同書は太平洋戦争末期の1945年7月末に宮古島を飛び立った、最後の特攻隊とされる第三次龍虎隊7人の若者の生きざま、散りざまを追った作品。

献本式には慰霊碑を見守ってきた宮古島市の関係者ら約30人が参列。初めて同慰霊碑前に立ったという下地敏彦市長は「70年前のきょう、この宮古島から最後の特攻の若者が出撃した。前途有望な若者が死地に向かう心情を思うと心が痛む。その悲しい生きざまが一つの本になり慰霊碑に献上された。感慨深い。一人でも多くの人に読んでもらい、戦争の悲惨さが風化しないように伝えてほしい」とあいさつした。

古川氏は「皆さんの尊い命の代償として、今や日本列島は平和な戦後70年の夏の盛りを迎えている。
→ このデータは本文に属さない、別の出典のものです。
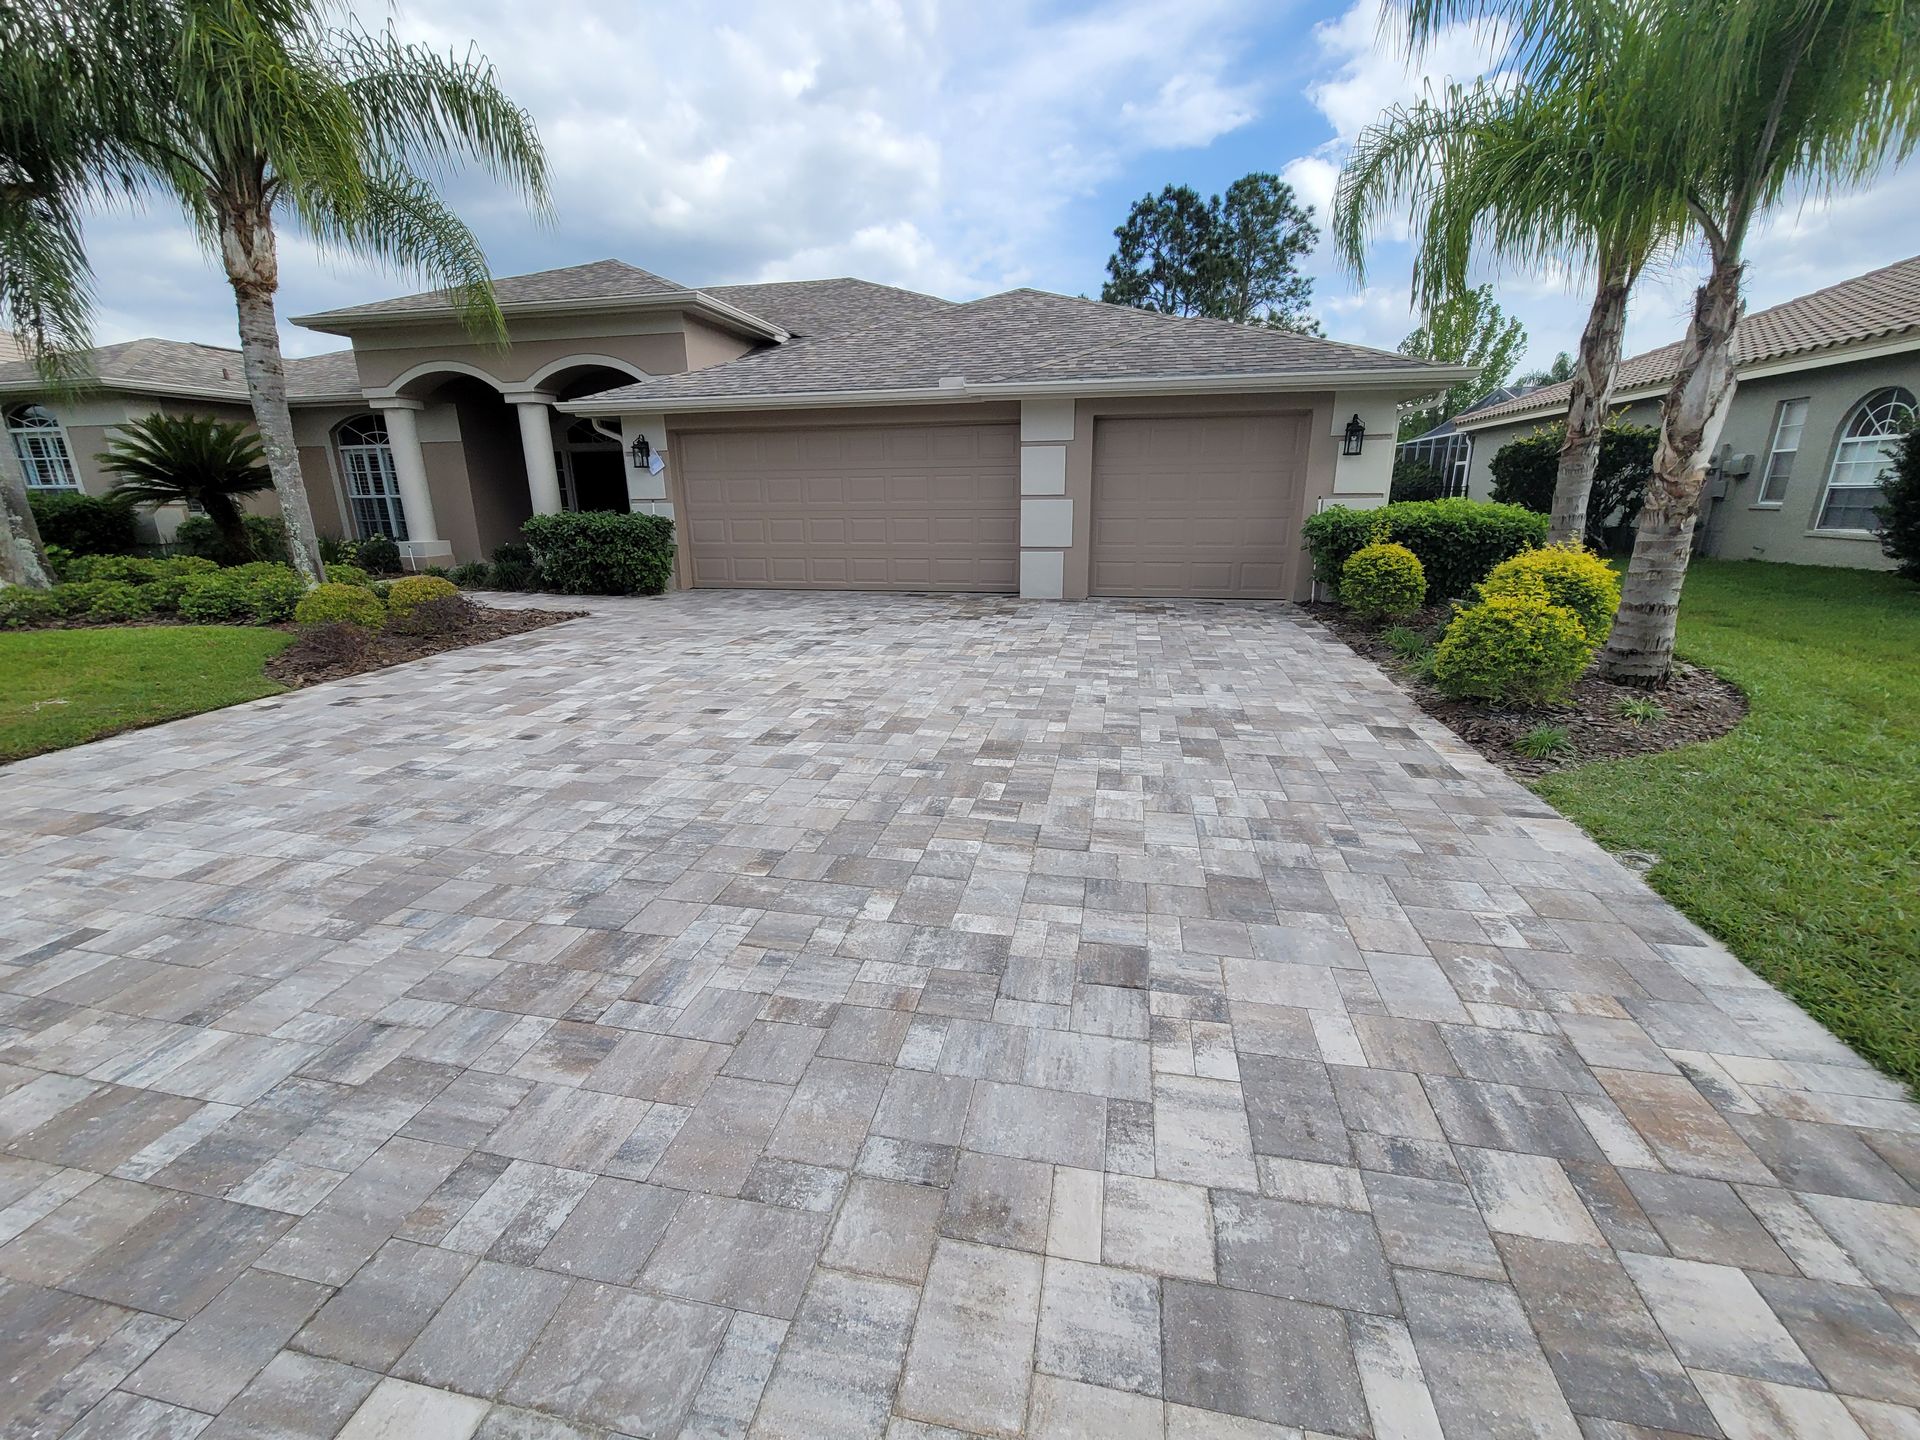 Flagstone - Heritage in White/Tan/Charcoal Brick Paver Driveway in Tampa, FL
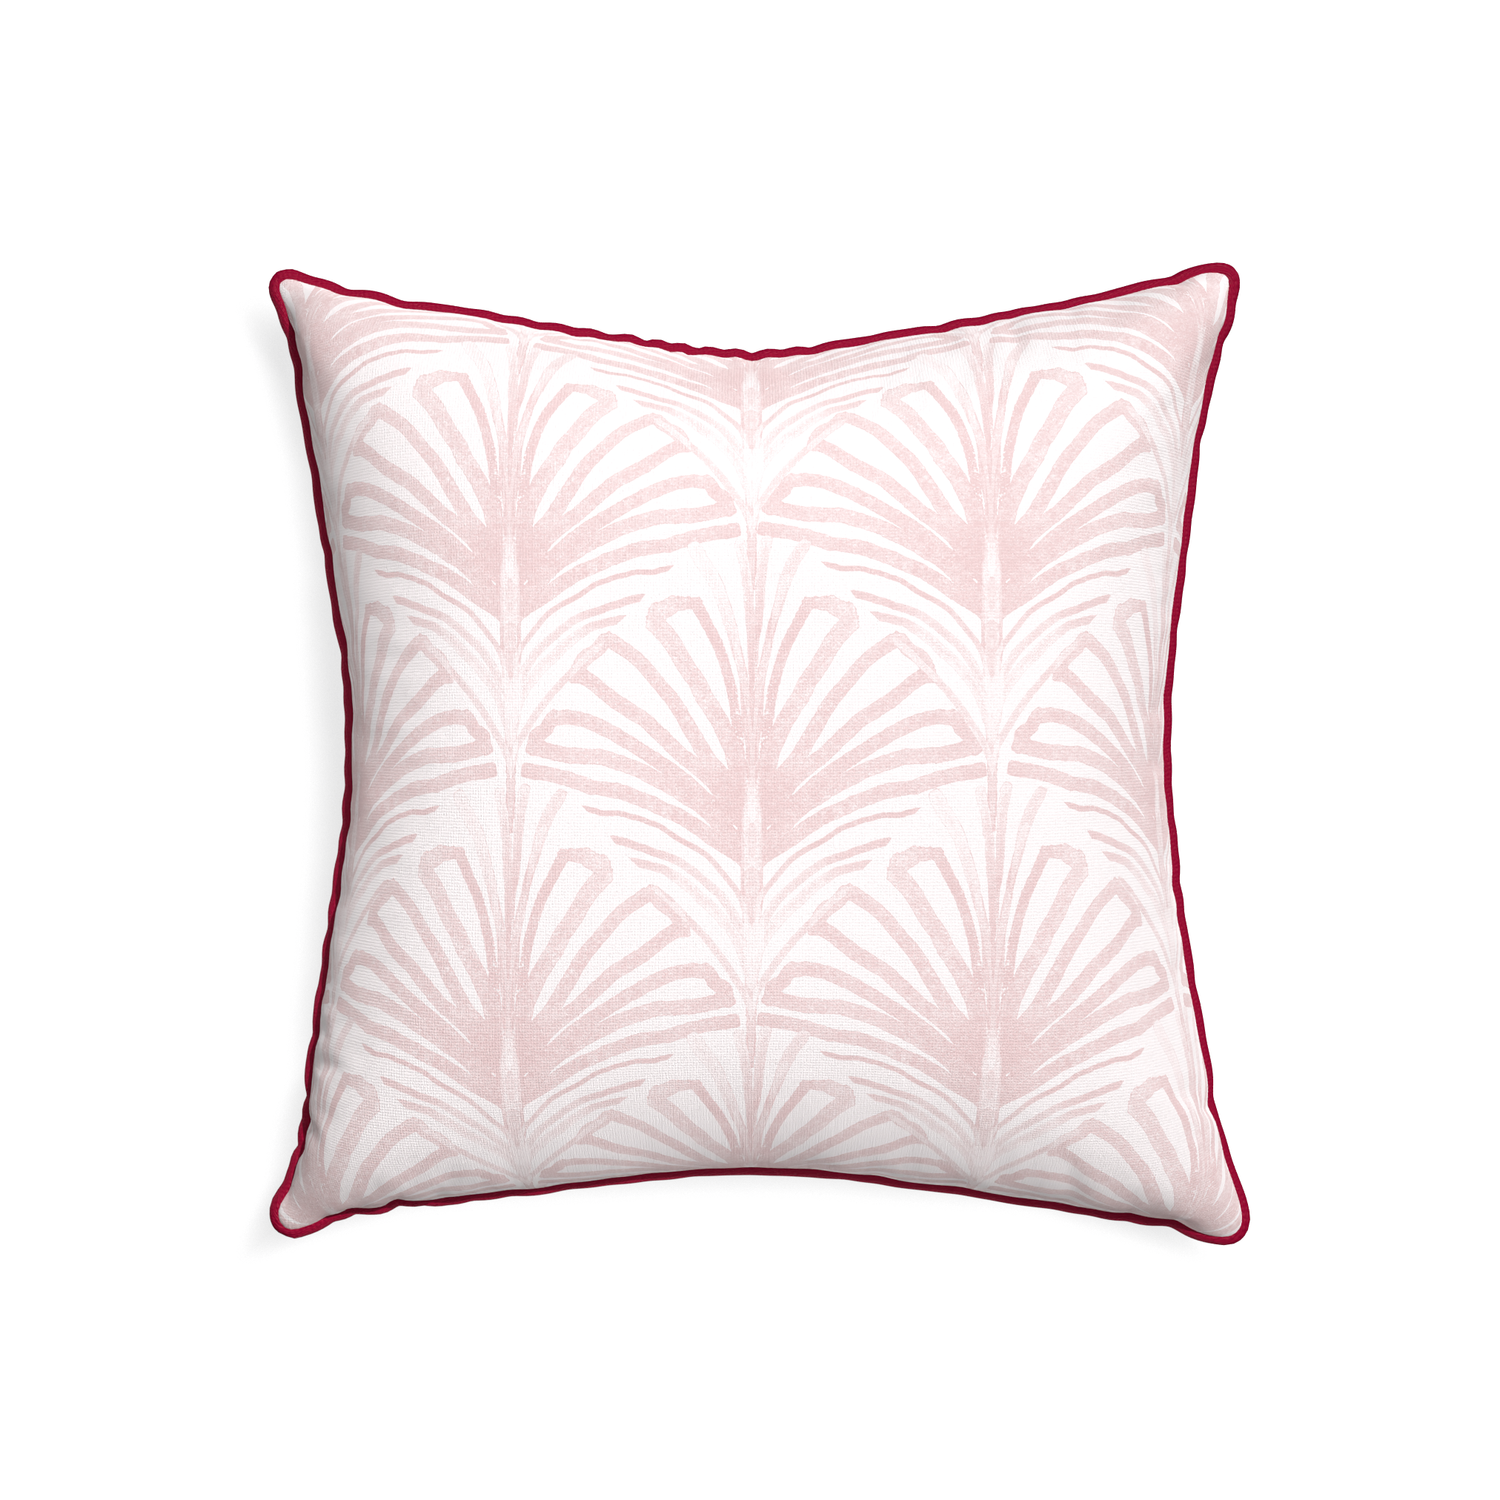 22-square suzy rose custom pillow with raspberry piping on white background

この絢爛(けんらん)たる繁栄、乱を知ることのない平穏な日々は、皆さんが倒れた魂魄(こんぱく)がもたらすもの」とし、平和維持には「今を生きている者の努力はもちろん、死者たるあなた方の雄魂の助けをお借りしなければならない」と、70年前に沖縄の海に散った7人の名をあげながら祭文を読み上げ、著書を供えた。

古川氏の妻で歌人、森重香代子さんが「挽歌(ばんか)」と題して碑前で「片道の機に乗り独り月明き空を昇りてゆきし少年」「還らざりし少年の碑にすを張りて蜘蛛(くも)ゐず宮古島の空の明るさ」の2首を朗読した。
 
献本式には、本紙に「木枯し帰るところなし」の連載で挿絵を担当したデザイナー三戸光顕氏ら約10人も下関から参列。うに甚本舗の上田玲子社長はハーモニカ演奏で「赤トンボ」を披露した。